(What to produce):
Beginning with the line that holds "Eramotive показала концепты", write out each line exactly as it stands until the end of the data, and include no pictures.

(Exercise data):
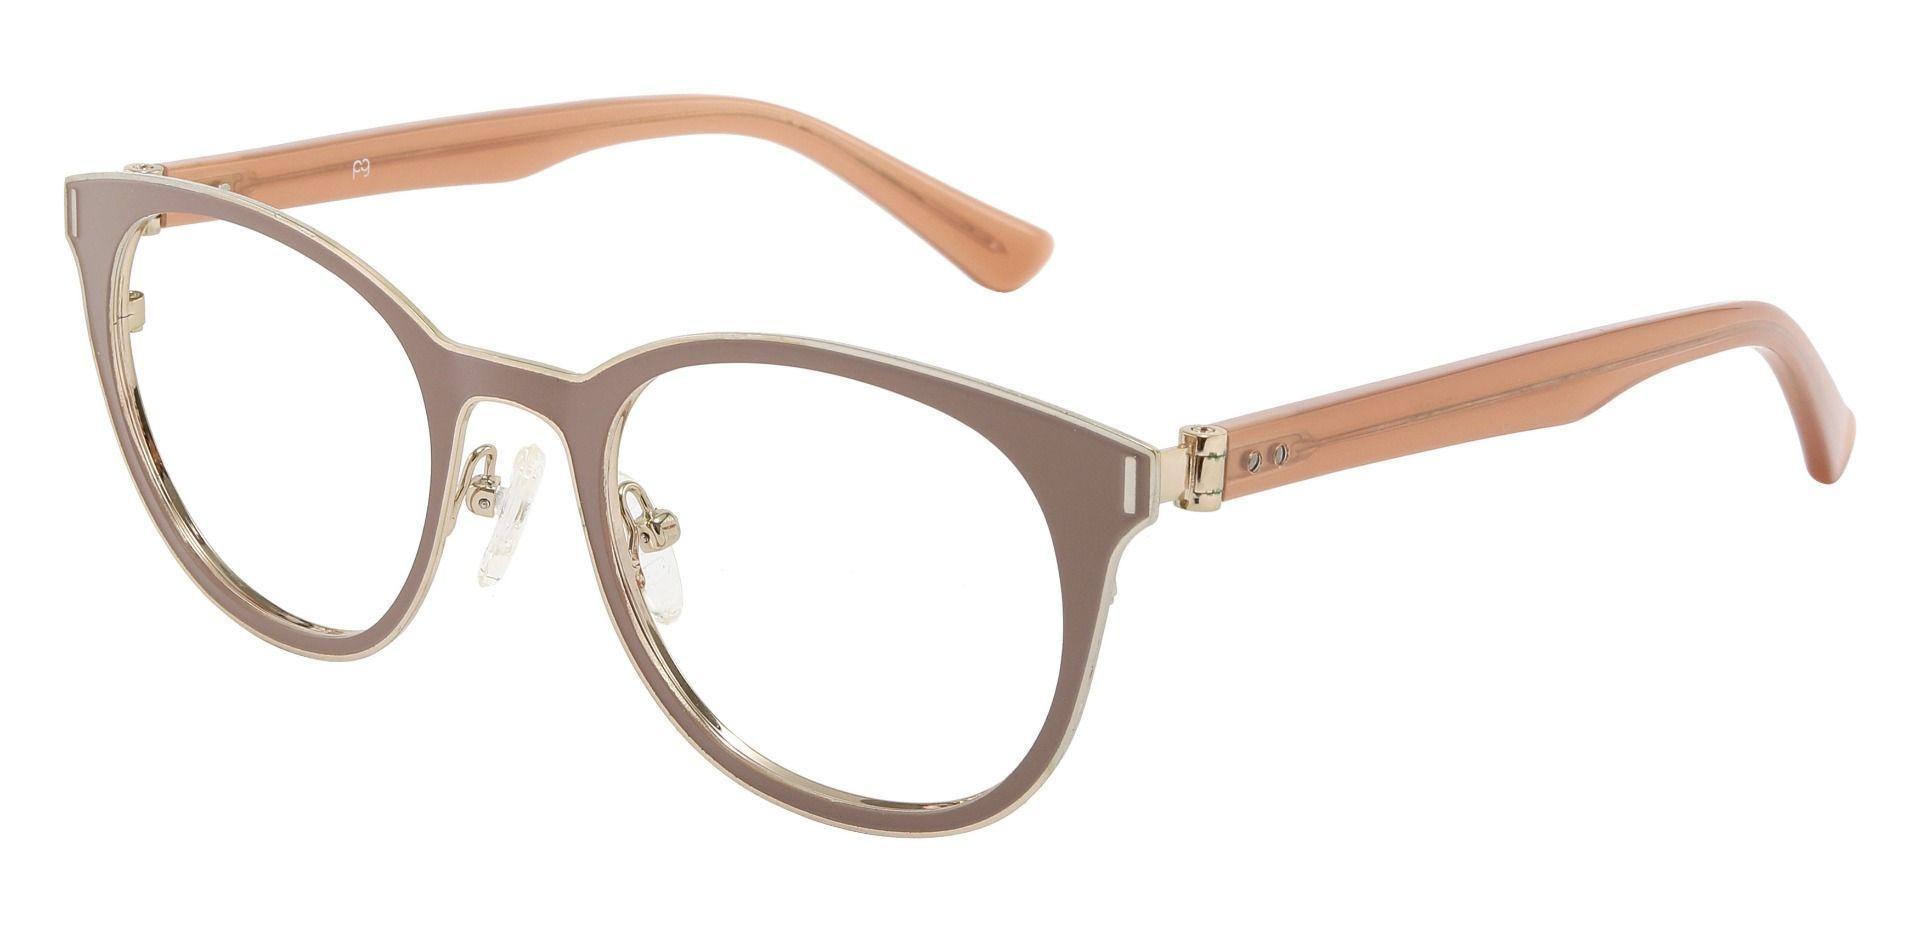 Coronado Oval Prescription Glasses - Brown
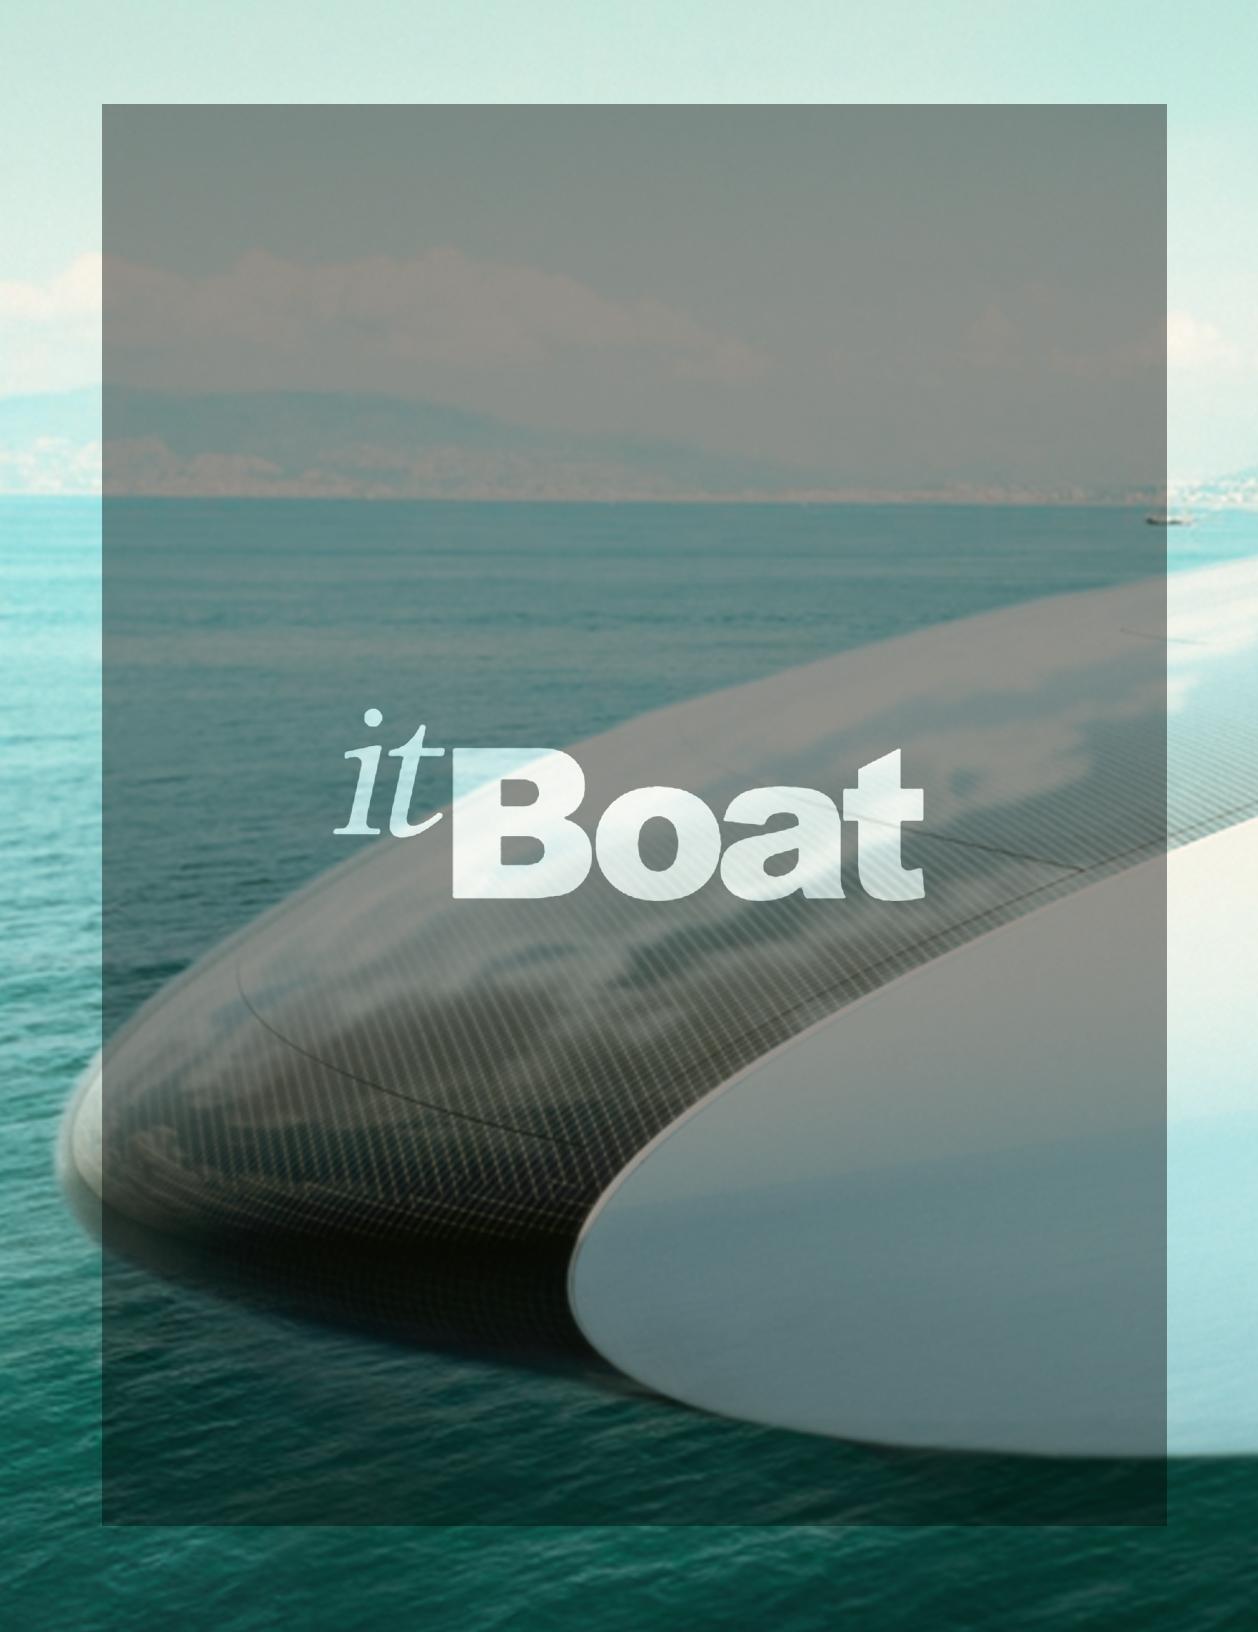 Eramotive показала концепты гибридных многокорпусников  Дизайн-студия Eramotive, расположенная в Майами, показала концепт трех гибридных многокорпусных судов. Трио  Iris Series  включает в себя 45-метровую яхту с тремя палубами, 75-метровую яхту с пятью палубами и 125-метровую яхту с семью палубами....
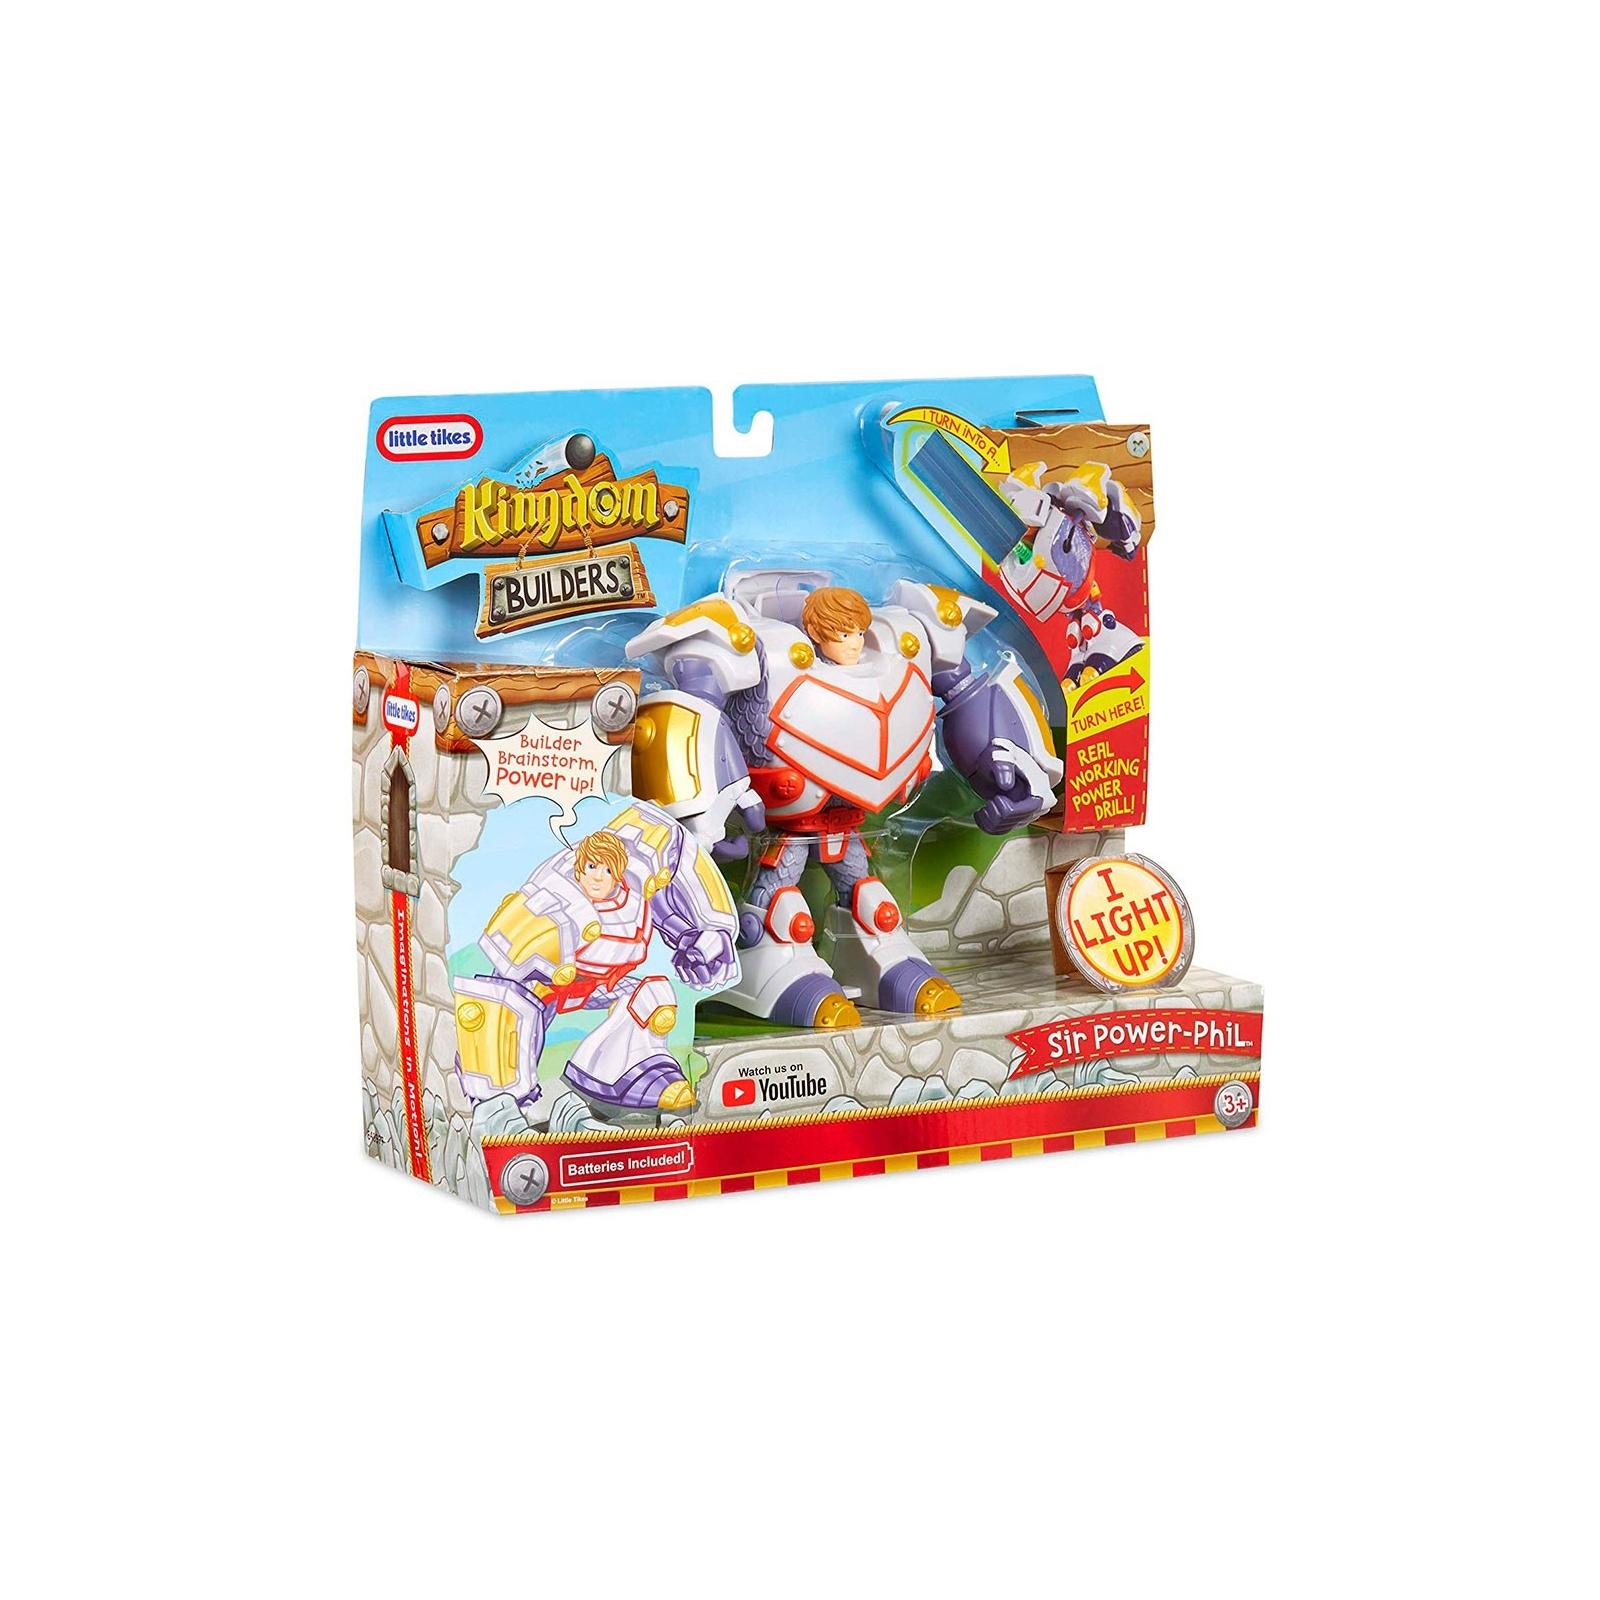 Трансформер Kingdom Builders со светом Сэр Филипп-силач (648977) изображение 3

(Your solution):
 Eramotive показала концепты гибридных многокорпусников  Дизайн-студия Eramotive, расположенная в Майами, показала концепт трех гибридных многокорпусных судов. Трио  Iris Series  включает в себя 45-метровую яхту с тремя палубами, 75-метровую яхту с пятью палубами и 125-метровую яхту с семью палубами....
 Трансформер Kingdom Builders со светом Сэр Филипп-силач (648977) изображение 3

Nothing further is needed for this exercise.